Question

Specify whether the given function is even, odd, or neither, and then sketch its graph. $$ G(x)=[2 x-1] $$

Short answer

The function is neither even nor odd. Its graph is a straight line with a slope of 2 and a y-intercept of -1.

Step-by-step solution

Identify Even and Odd Function Criteria

A function is even if \( f(-x) = f(x) \) for all \( x \) in its domain. It is odd if \( f(-x) = -f(x) \). If neither condition is satisfied, the function is neither even nor odd.

Calculate \( G(-x) \)

Substitute \(-x\) into the function: \[ G(-x) = [2(-x) - 1] \] Simplifying gives: \[ G(-x) = [-2x - 1] \]

Compare \( G(x) \) and \( G(-x) \)

The original function is \( G(x) = [2x - 1] \). The function \( G(-x) = [-2x - 1] \) is neither equal to \( G(x) \) nor \( -G(x) \). Therefore, the function is neither even nor odd.

Sketch the Graph

To sketch the graph of \( G(x) = [2x - 1] \), note that \([2x - 1]\) is a linear function with a slope of 2 and a y-intercept of -1. Plot the point (0, -1) and use the slope to plot another point, such as (1, 1). Draw a straight line through these points.

Key concepts

Understanding Function Properties: Even and Odd Functions

Functions, in mathematics, display unique properties that help us identify their behavior. One key attribute involves categorizing functions as 'even' or 'odd'. These classifications are crucial in simplifying complex mathematical problems, because they aid in understanding the symmetry of functions.
- **Even Functions**: An even function is symmetric about the y-axis. The mathematical definition is that for a function \( f(x) \), if \( f(-x) = f(x) \) holds true for every \( x \) in the domain, then the function is even.- **Odd Functions**: An odd function has symmetry about the origin. A function \( f(x) \) is odd if \( f(-x) = -f(x) \) for all \( x \) in its domain.
Understanding these properties aids us in predicting the graph's shape and interpreting the function efficiently.

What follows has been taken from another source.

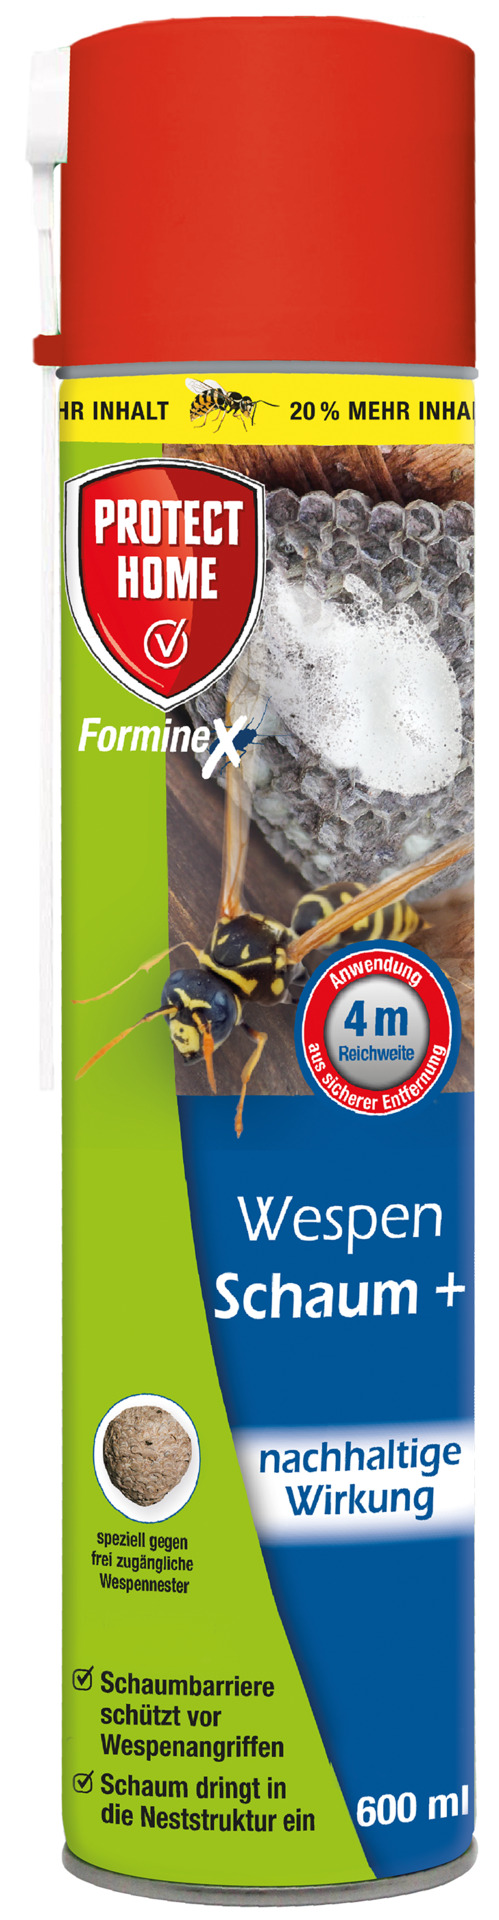 Protect Home Forminex Universal Insektenspray 600ml

Graph Sketching: Bringing Functions to Life

Graph sketching is an invaluable skill in visualizing and interpreting mathematical functions. For linear functions like \( G(x) = [2x-1] \), sketching involves several straightforward steps.
First, identify the linear equation form, here it's \( y = mx + c \), where \( m \) is the slope and \( c \) is the y-intercept. For \( G(x) \), the slope \( m \) is 2 and the y-intercept \( c \) is -1.
- **Start with the Y-Intercept**: Begin by plotting the y-intercept on the graph. For this equation, plot the point \( (0, -1) \).- **Utilize the Slope**: From the y-intercept, use the slope to find another point on the line. The slope of 2 indicates that for every increase of 1 unit in \( x \), \( y \) increases by 2 units. Thus, moving from \( (0, -1) \) to \( (1, 1) \).- **Draw the Line**: Connect these points with a straight edge to extend the line.
This simple two-step process helps in sketching precise graphs of linear functions, allowing easy further analysis.

Linear Functions: Basics and Characteristics

Linear functions form the backbone of high school algebra. They are vital due to their straightforward relationship between variables, characterized by constant rates of change. A linear function can be expressed in the form \( y = mx + c \), where:- **\( m \)** is the slope: It represents the rate of change of the function. In real-world terms, it indicates how fast or slow one variable changes in relation to another.
- **\( c \)** is the y-intercept: This is the value where the function crosses the y-axis, essentially the starting point when \( x = 0 \).Understanding linear functions helps in modeling situations with a constant rate of change, such as distance over time or cost per item. Furthermore, recognizing their graph as a straight line with defined slope and intercept aids in solving a variety of mathematical problems.